I must begin by saying something about the nature of the Bible, and the nature of archaeology, which will at least reveal my starting point. Like all other written books, including other holy books, the Bible is in the first place (whatever value we set upon it) a human artefact, with a human history. It is the product of many different human minds of varying ability, written by human hands of varied powers of co-ordination, copied and recopied by scribes of varied intelligence, printed and bound by craftsmen of varying standards of skill, read and interpreted by Jews and Christians and agnostics and atheists of differing hermeneutical approaches. It is also a book of very varied origins and contents. It is an anthology containing ancient Jewish laws, legends, myths, hymns, songs, love lyrics, proverbs, prophecies, stories, biographies, histories, letters, visions, philosophical reflection and so on, written at different times between, let us say, the eighth century BCE and the early second century of this era. Its many authors wrote to meet the needs of their own times rather than our own. The historians among them wrote history as they saw it, and they presented the past of Israel in terms designed to meet their own political or religious agenda, not our agenda. Divine inspiration may have led them to write better than they knew, but nevertheless they were writing as human beings for their own human situation, and could not have known what use later generations might make of their work or what interpretations they might put on it. And their work is itself part of history, and the historical books of the Bible are part of ancient historiography, to be read and studied alongside other ancient writings and other evidence of that past. And among that ‘other’ evidence is, of course, what we loosely call ‘archaeology’.

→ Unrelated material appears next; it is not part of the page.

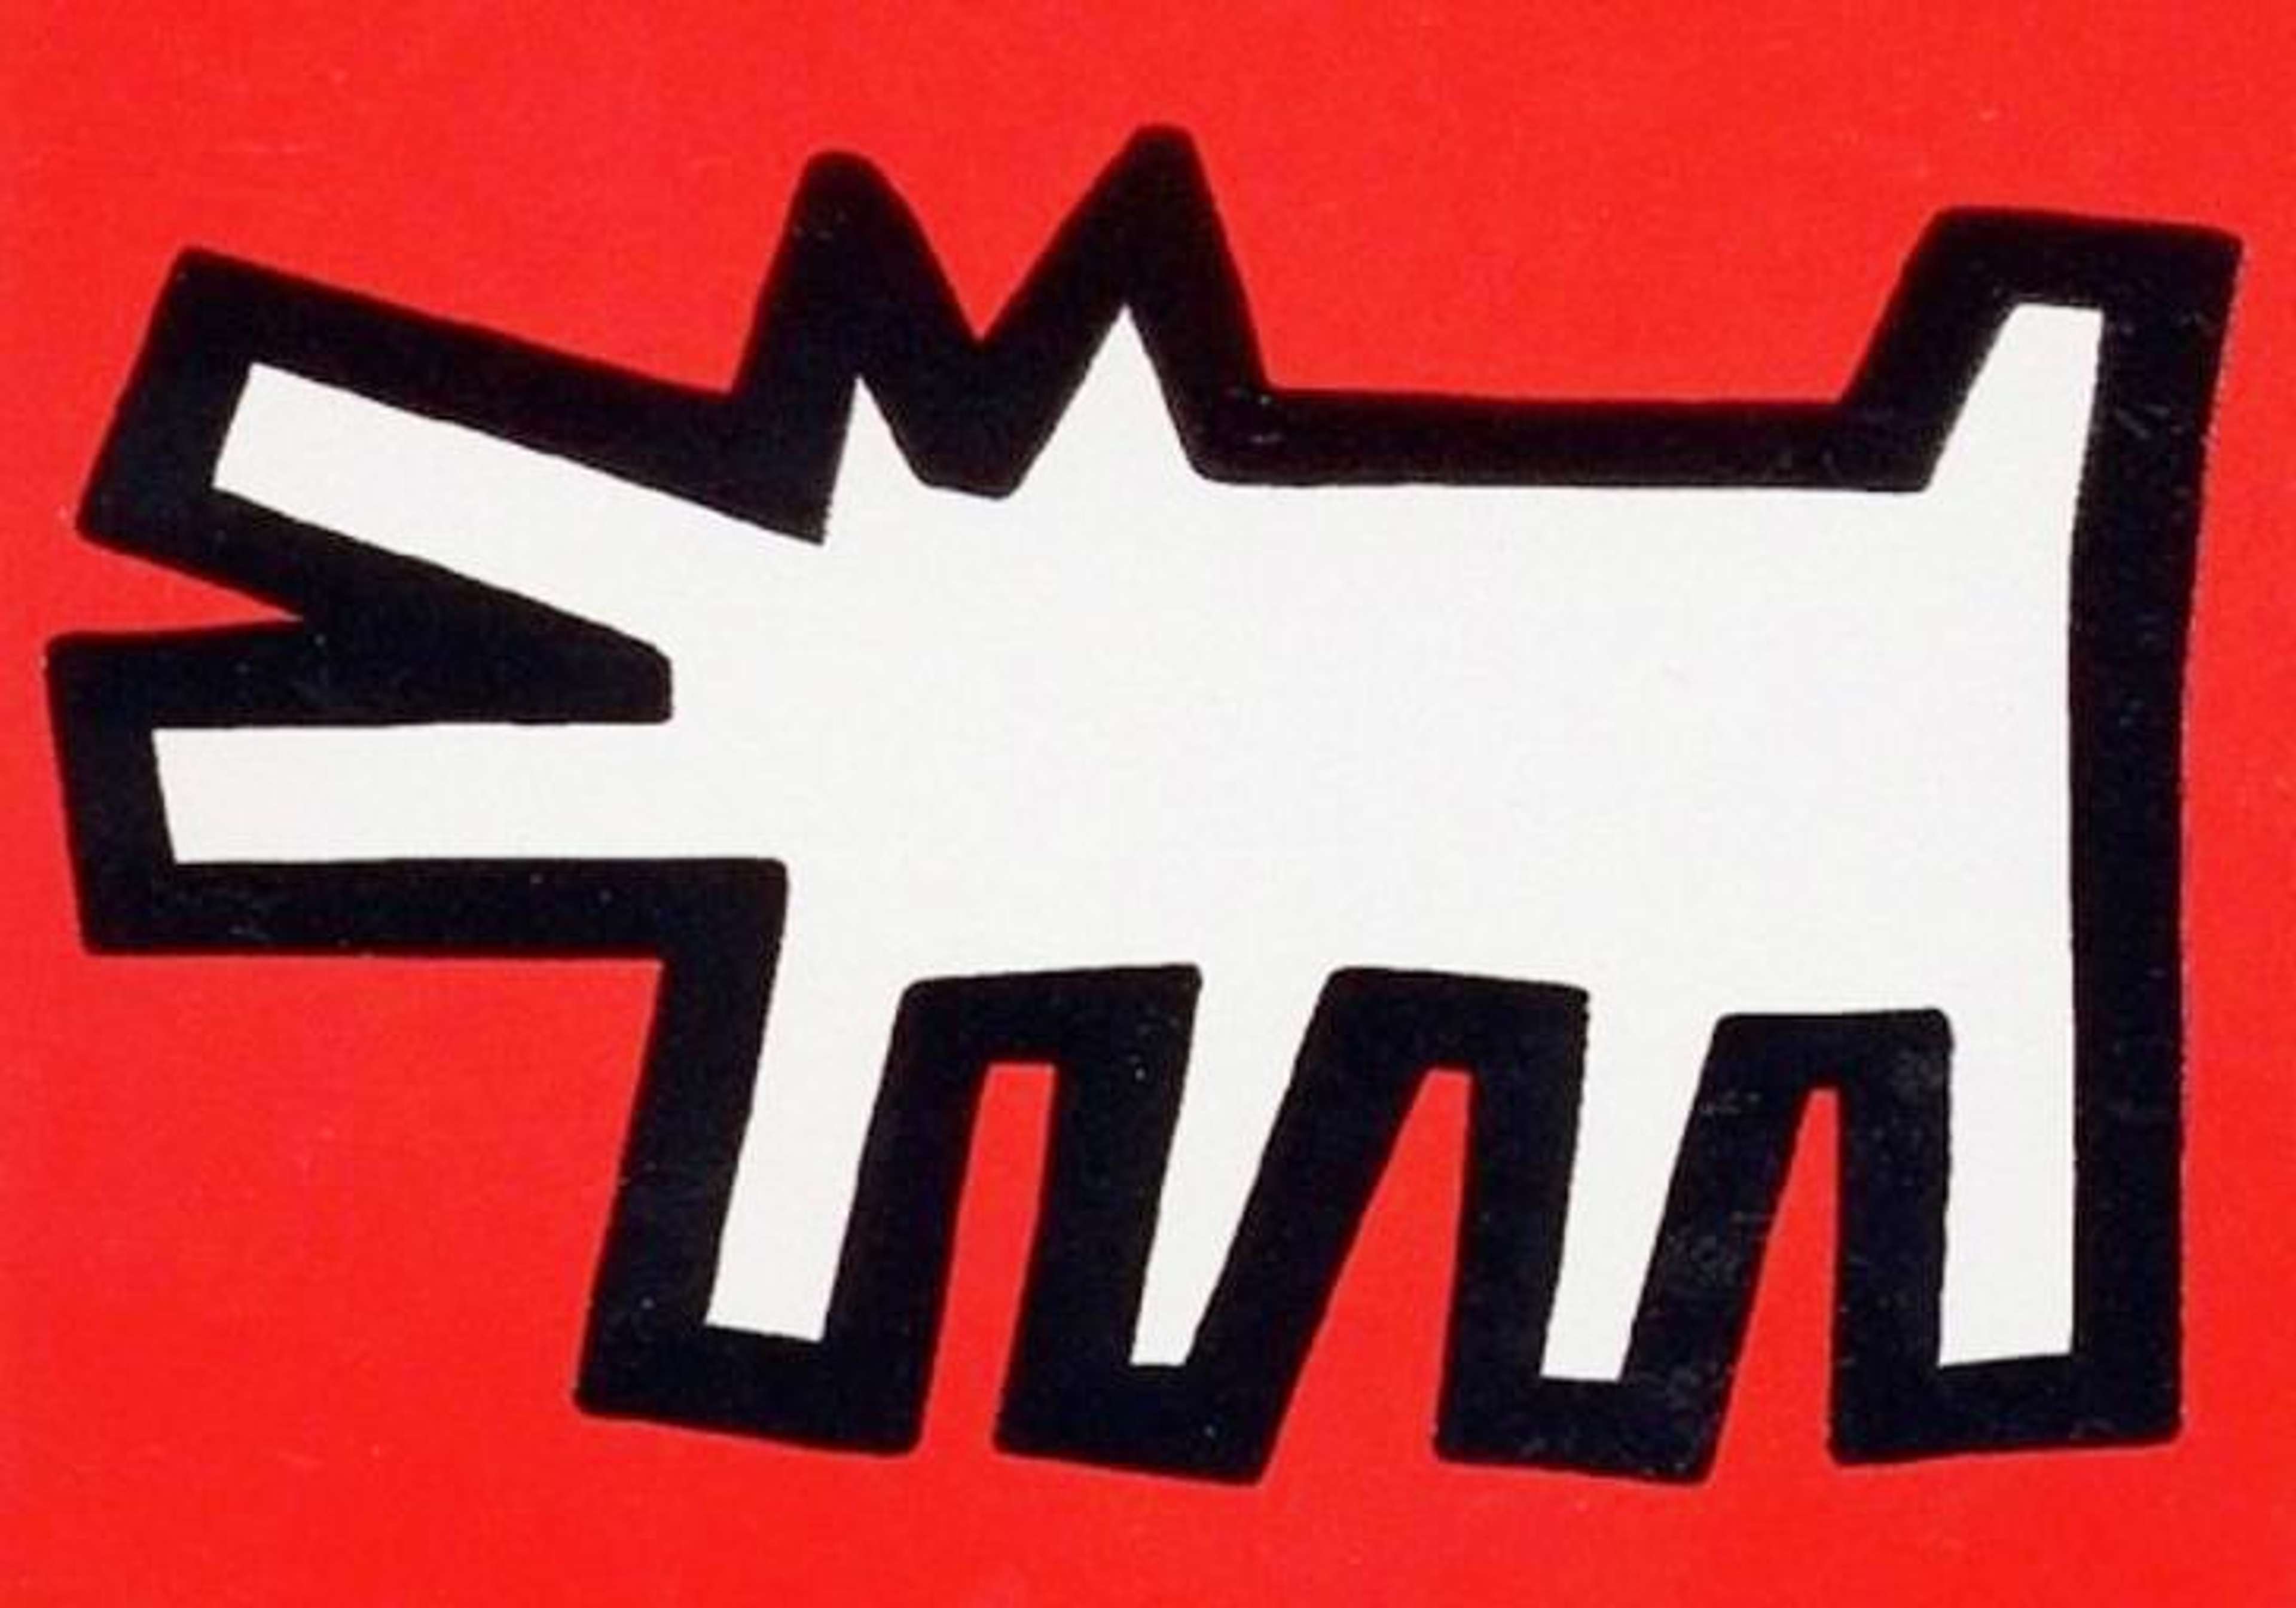 Barking Dog by Keith Haring - MyArtBroker
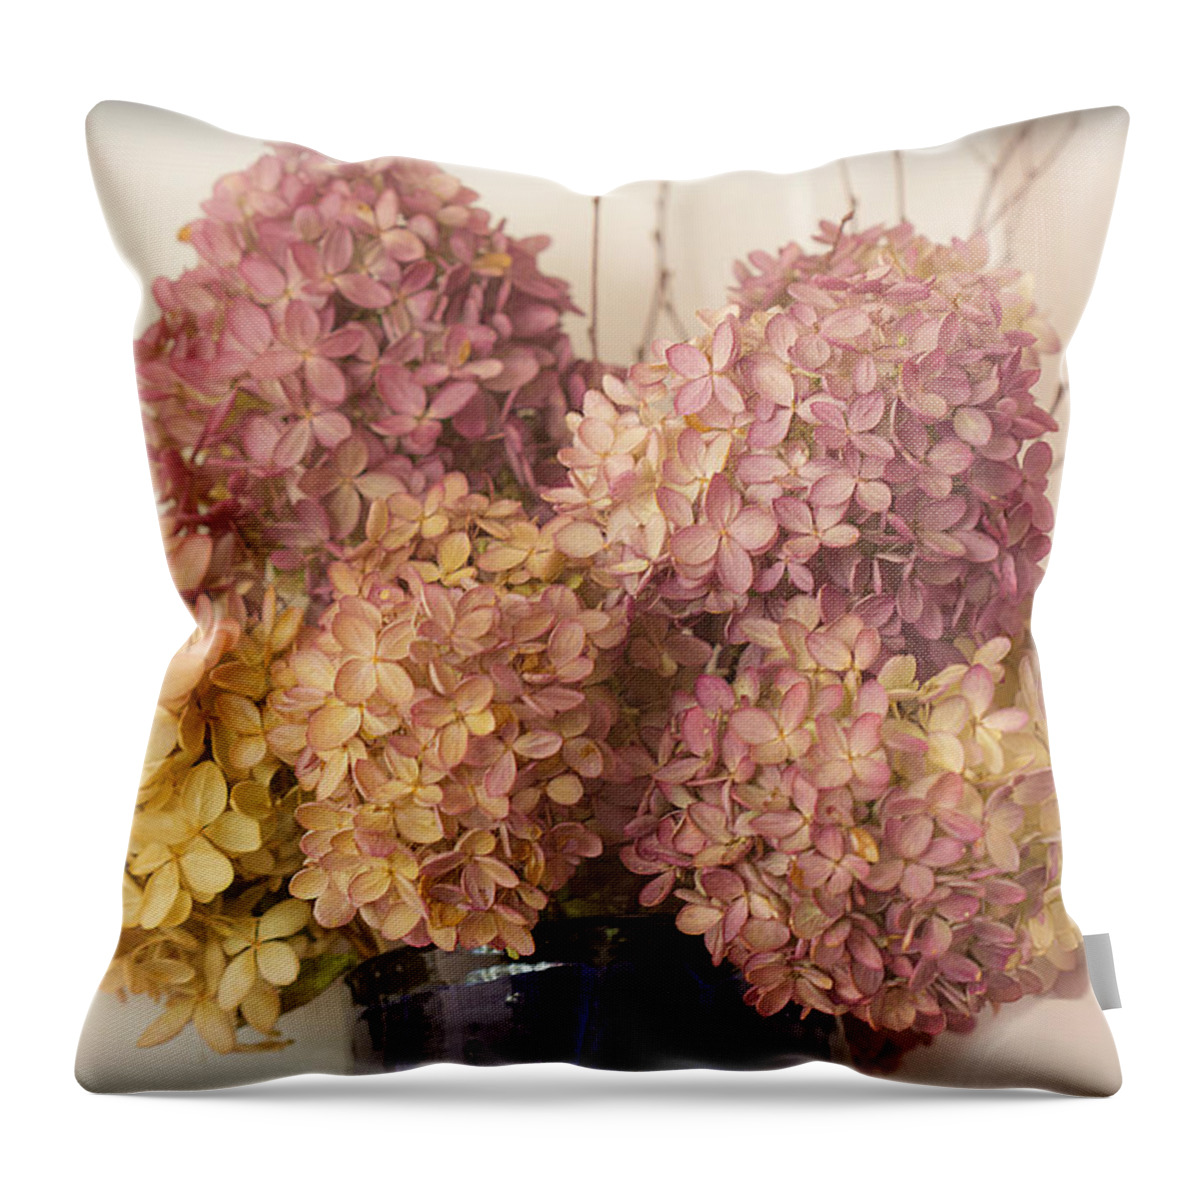 Fine Art Throw Pillow featuring the photograph Dried Hydrangea by Michael Friedman

‘Archaeology’ was once a general term referring to study of the past; so Josephus entitled his twenty-volume history of the Jews ‘The archaeology of the Jews’. Archaeology now popularly describes the activity of those who excavate ancient sites. The best definition is perhaps that of R. J. Braidwood: ‘the study of things men made and did, in order that their whole way of life may be understood’ (in Archaeologists and What They Do (New York 1960), quoted in Daniel 1967: 17). This is not mere antiquarianism, but an intellectual enquiry into human experience. The professional archaeologist, using a wide range of techniques, studies systematically the material remains of the past and thus contributes to the general historical task along with other scholars who study the literary, inscriptional, artistic or other recorded evidence. The archaeological evidence from the ancient states of Israel and Judah and the ancient writings enshrined in our modern Bible are perhaps the two most important sources for the history of the people of ancient Israel and of the early Christian church; but evidence both archaeological and literary from the ancient surrounding nations – Egypt, Syria, Babylonia, Assyria and the Graeco-Roman world – must not be ignored. Correct assessment of the relative value of evidence from these different sources is the concern of the historian, but correct assessment has always been difficult; the literary scholar has not always understood the limitations of the archaeological evidence, and the archaeologist has not always understood the complexities of the literary evidence. Further, the biblical student and the archaeologist do not always share the same historical aims (let alone theological presuppositions). And some recent scholars would say that archaeology and literary sources simply do not meet, and cannot be synthesised; they are like apples and oranges, two completely different species. Axel Knauf argues that you have to know the history (from artefactual sources) before you can interpret the documents (1991: 26–64); T. L. Thompson argues that you have to establish an independent narrative of ancient Palestine as the context from which the text might speak (1991: 65–92); while J. M. Miller argues contrarily that you cannot interpret the artefacts without the written sources (1991: 93–102). The struggle continues, and we will return to it.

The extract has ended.